> [What you should do]: The reply should hold only the lines below beginning at the one with "Five-blade 52 inch" and ending at the one with "Fast & Furious", copied exactly, with every picture left out.

> [Data shown]:

■ ■ ■

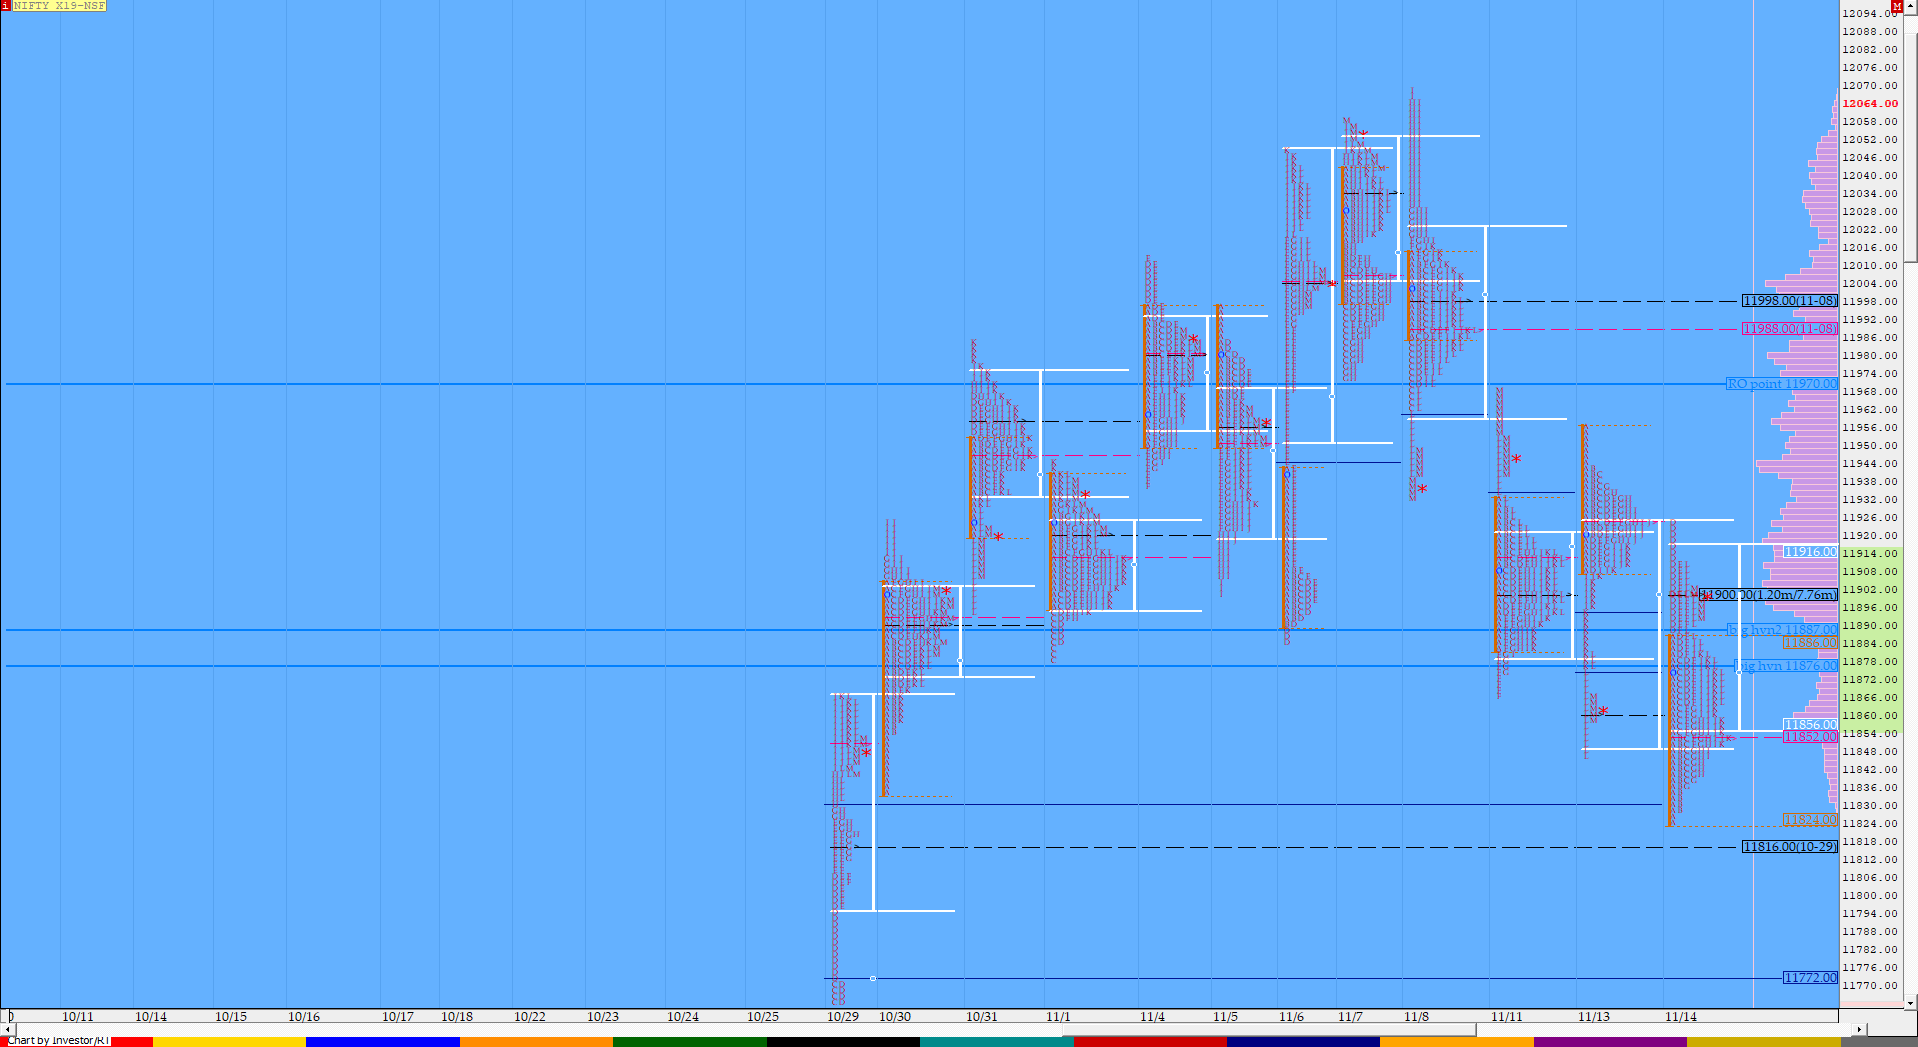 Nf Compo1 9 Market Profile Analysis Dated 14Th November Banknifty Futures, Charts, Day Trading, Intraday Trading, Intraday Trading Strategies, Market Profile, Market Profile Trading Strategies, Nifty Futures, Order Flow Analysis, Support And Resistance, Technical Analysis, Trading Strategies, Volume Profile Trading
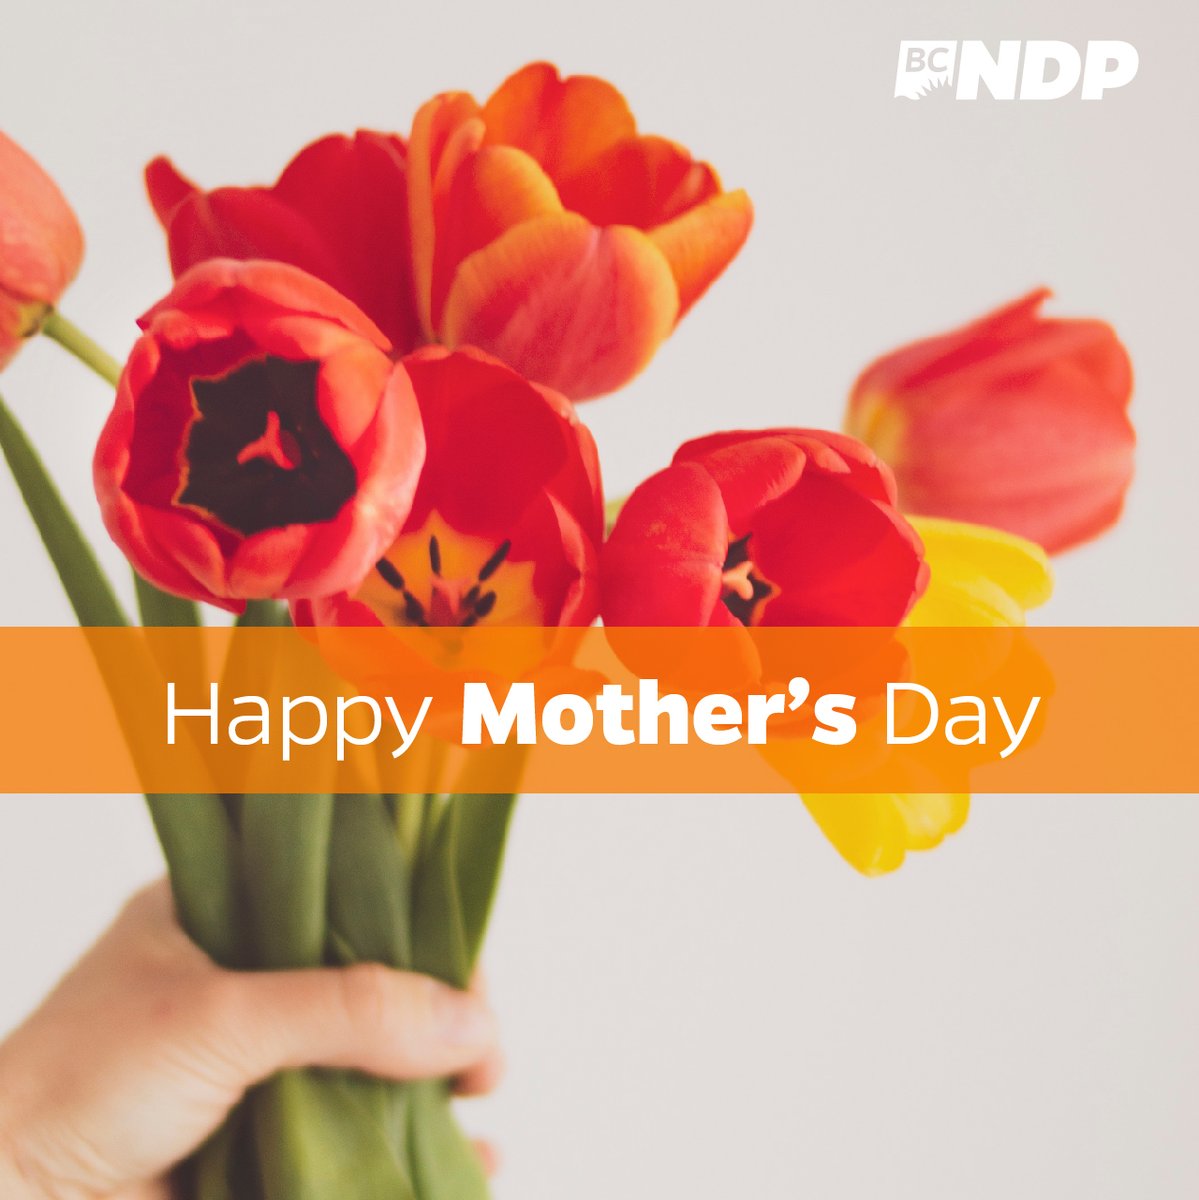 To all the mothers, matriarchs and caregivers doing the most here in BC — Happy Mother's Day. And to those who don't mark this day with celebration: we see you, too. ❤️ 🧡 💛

■ ■ ■

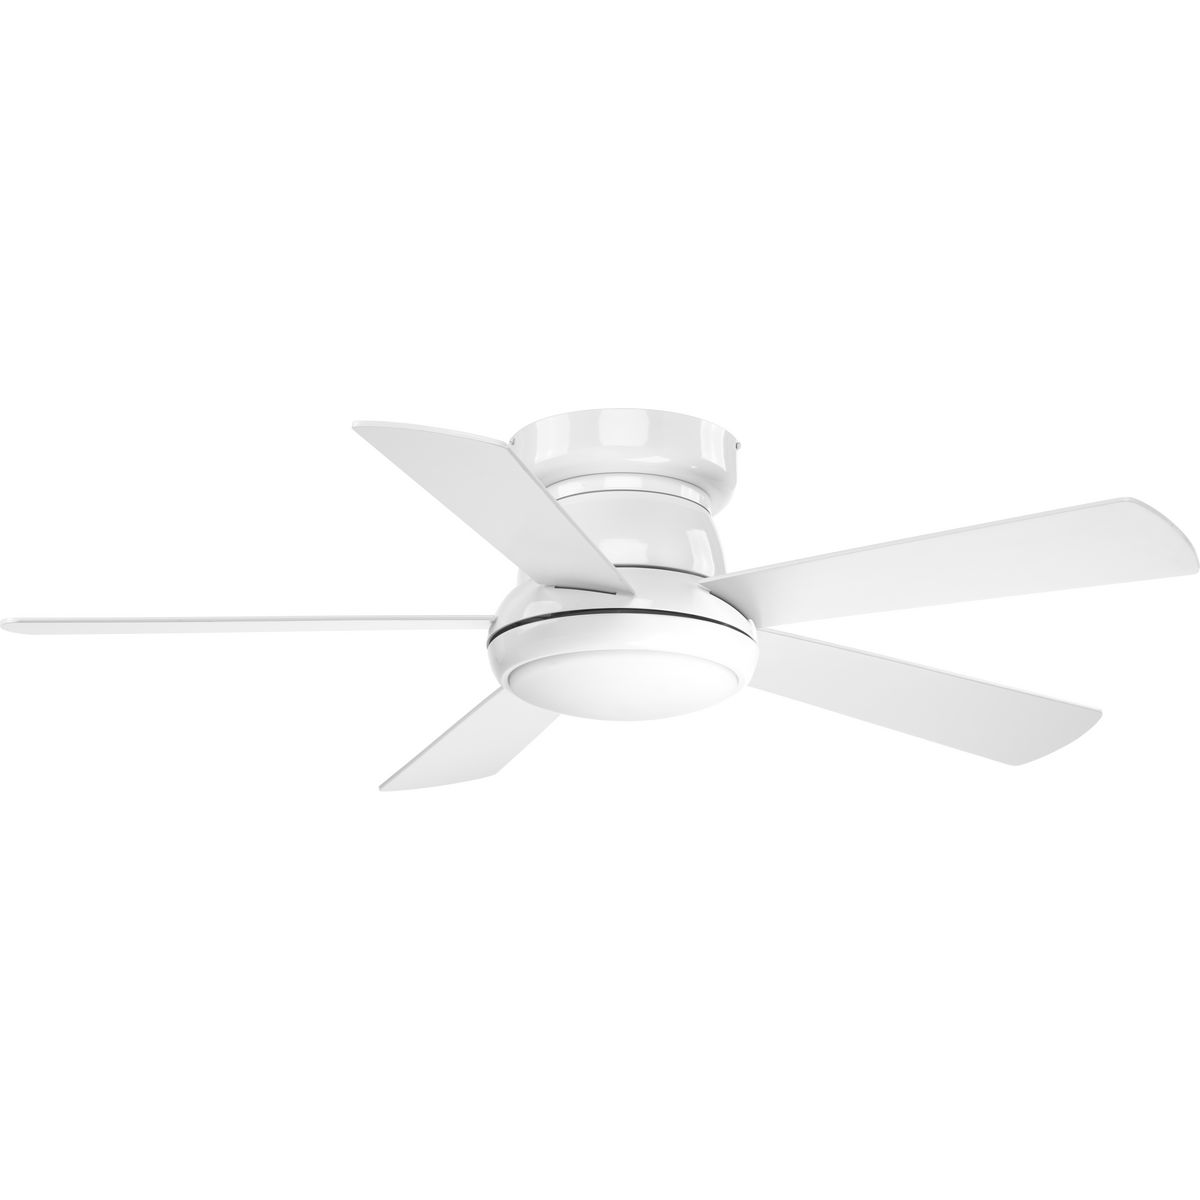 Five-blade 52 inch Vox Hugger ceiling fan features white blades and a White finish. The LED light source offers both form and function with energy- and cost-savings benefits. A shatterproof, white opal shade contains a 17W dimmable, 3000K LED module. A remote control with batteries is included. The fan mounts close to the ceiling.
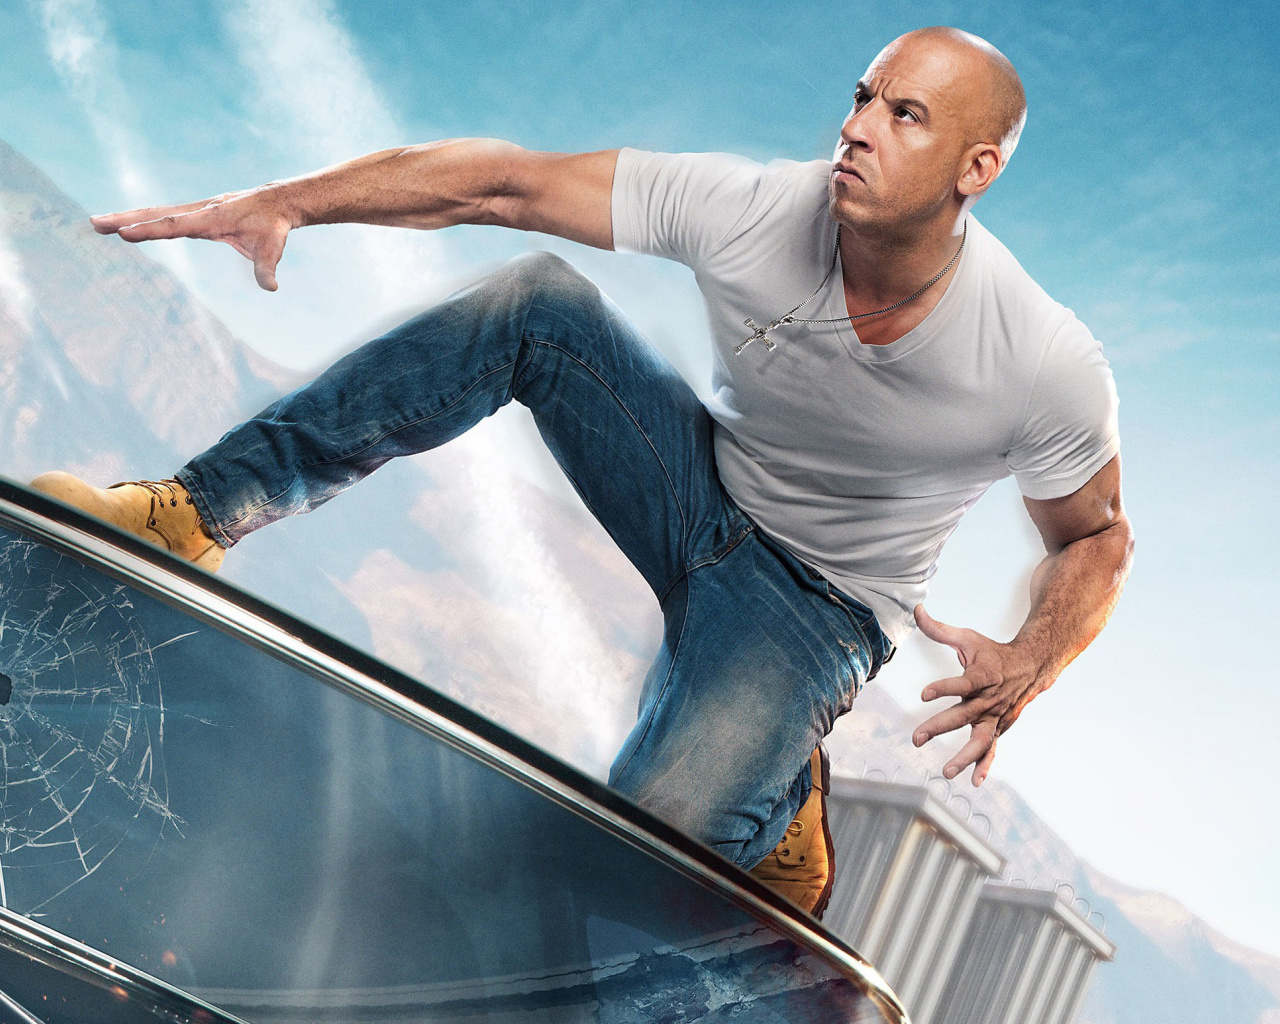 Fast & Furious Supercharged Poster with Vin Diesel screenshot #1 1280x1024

■ ■ ■

> [Expected answer]:
 Five-blade 52 inch Vox Hugger ceiling fan features white blades and a White finish. The LED light source offers both form and function with energy- and cost-savings benefits. A shatterproof, white opal shade contains a 17W dimmable, 3000K LED module. A remote control with batteries is included. The fan mounts close to the ceiling.
 Fast & Furious Supercharged Poster with Vin Diesel screenshot #1 1280x1024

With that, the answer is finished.